Pretty confident, #MC uses the exception entry path which also handles
entry-stack and user-cr3 correctly. It might go through through the slow
paranoid exit path, but that's okay for #MC I guess.

And when the #MC happens while we switch to the task stack and do the
copying the same precautions as for NMI apply.

> > + */
> > +.macro SWITCH_TO_KERNEL_STACK
> > +
> > +    ALTERNATIVE     "", "jmp .Lend_\@", X86_FEATURE_XENPV
> > +
> > +    /* Are we on the entry stack? Bail out if not! */
> > +    movl    PER_CPU_VAR(cpu_entry_area), %edi
> > +    addl    $CPU_ENTRY_AREA_entry_stack, %edi
> > +    cmpl    %esp, %edi
> > +    jae    .Lend_\@
> 
> That’s an alarming assumption about the address space layout. How
> about an xor and an and instead of cmpl?  As it stands, if the address
> layout ever changes, the failure may be rather subtle.

Right, I implement a more restrictive check.

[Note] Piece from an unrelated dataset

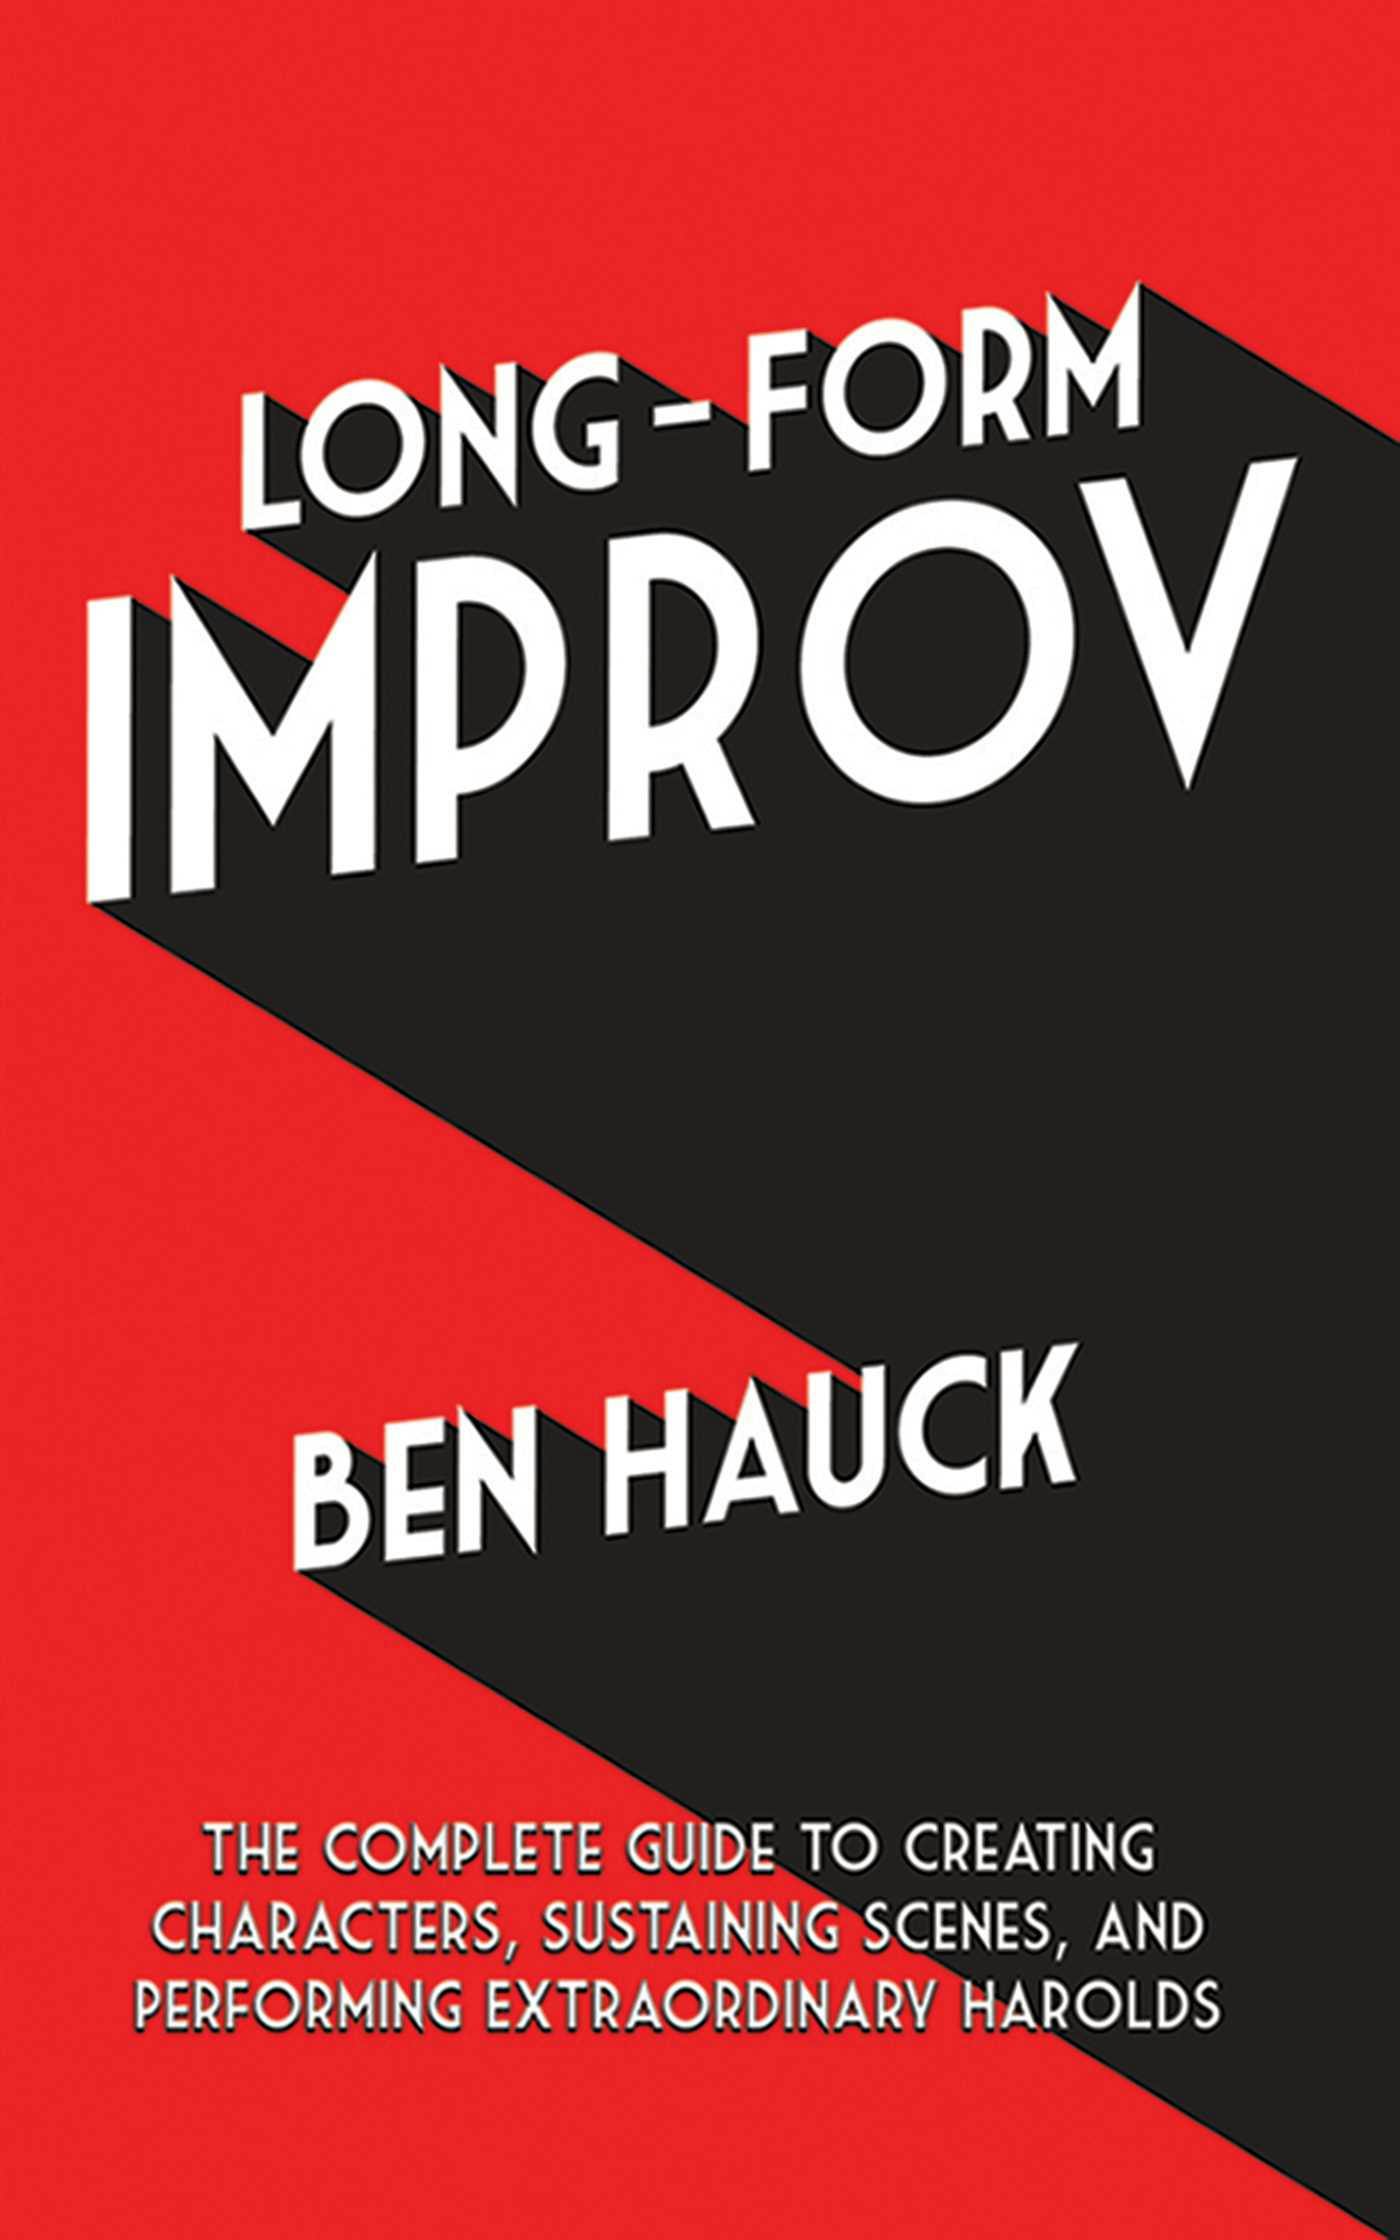 Long-Form Improv: The Complete Guide to Creating Characters, Sustaining Scenes, and Performing Extraordinary Harolds - Ben Hauck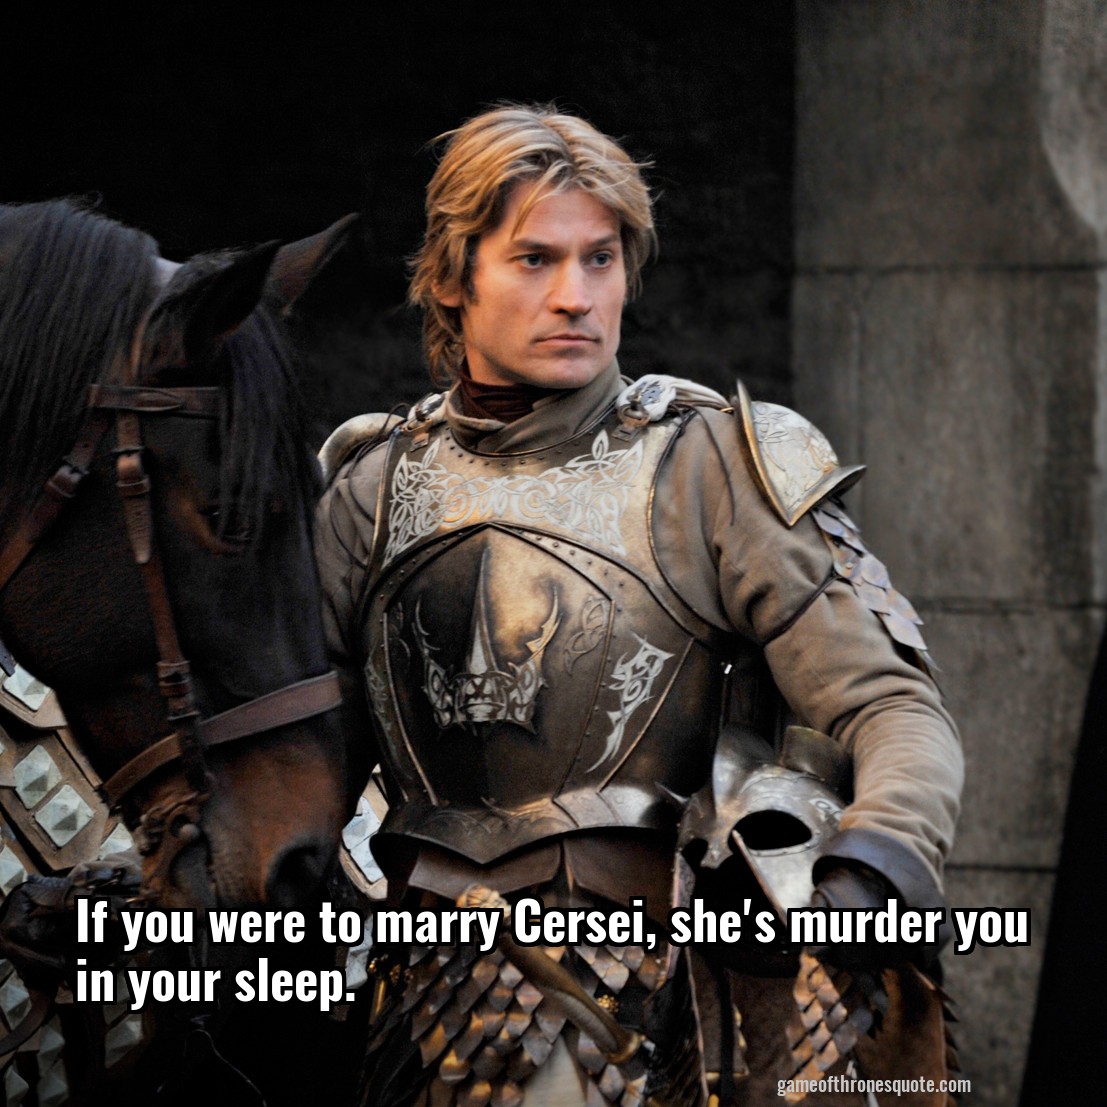 If you were to marry Cersei, she's murder you in your sleep.

> Anyway, wouldn’t it be easier to solve this by just not switching
> stacks on entries from kernel mode and making the entry stack bigger?
> Stick an assertion in the scheduling code that we’re not on an entry
> stack, perhaps.

That'll save us the check whether we are on the entry stack and replace
it with a check whether we are coming from user/vm86 mode. I don't think
that this will simplify things much and I am a bit afraid that it'll
break unwritten assumptions elsewhere. It is probably something we can
look into later separatly from the basic pti-x32 enablement.


Thanks,

	Joerg

Andy Lutomirski July 13, 2018, 5:21 p.m. UTC | #3

On Fri, Jul 13, 2018 at 3:56 AM, Joerg Roedel <joro@8bytes.org> wrote:
> Hi Andy,
>
> thanks for you valuable feedback.
>
> On Thu, Jul 12, 2018 at 02:09:45PM -0700, Andy Lutomirski wrote:
>> > On Jul 11, 2018, at 4:29 AM, Joerg Roedel <joro@8bytes.org> wrote:
>> > -.macro SAVE_ALL pt_regs_ax=%eax
>> > +.macro SAVE_ALL pt_regs_ax=%eax switch_stacks=0
>> >    cld
>> > +    /* Push segment registers and %eax */
>> >    PUSH_GS
>> >    pushl    %fs
>> >    pushl    %es
>> >    pushl    %ds
>> >    pushl    \pt_regs_ax
>> > +
>> > +    /* Load kernel segments */
>> > +    movl    $(__USER_DS), %eax
>>
>> If \pt_regs_ax != %eax, then this will behave oddly. Maybe it’s okay.
>> But I don’t see why this change was needed at all.
>
> This is a left-over from a previous approach I tried and then abandoned
> later. You are right, it is not needed.
>
>> > +/*
>> > + * Called with pt_regs fully populated and kernel segments loaded,
>> > + * so we can access PER_CPU and use the integer registers.
>> > + *
>> > + * We need to be very careful here with the %esp switch, because an NMI
>> > + * can happen everywhere. If the NMI handler finds itself on the
>> > + * entry-stack, it will overwrite the task-stack and everything we
>> > + * copied there. So allocate the stack-frame on the task-stack and
>> > + * switch to it before we do any copying.
>>
>> Ick, right. Same with machine check, though. You could alternatively
>> fix it by running NMIs on an irq stack if the irq count is zero.  How
>> confident are you that you got #MC right?
>
> Pretty confident, #MC uses the exception entry path which also handles
> entry-stack and user-cr3 correctly. It might go through through the slow
> paranoid exit path, but that's okay for #MC I guess.
>
> And when the #MC happens while we switch to the task stack and do the
> copying the same precautions as for NMI apply.
>
>> > + */
>> > +.macro SWITCH_TO_KERNEL_STACK
>> > +
>> > +    ALTERNATIVE     "", "jmp .Lend_\@", X86_FEATURE_XENPV
>> > +
>> > +    /* Are we on the entry stack? Bail out if not! */
>> > +    movl    PER_CPU_VAR(cpu_entry_area), %edi
>> > +    addl    $CPU_ENTRY_AREA_entry_stack, %edi
>> > +    cmpl    %esp, %edi
>> > +    jae    .Lend_\@
>>
>> That’s an alarming assumption about the address space layout. How
>> about an xor and an and instead of cmpl?  As it stands, if the address
>> layout ever changes, the failure may be rather subtle.
>
> Right, I implement a more restrictive check.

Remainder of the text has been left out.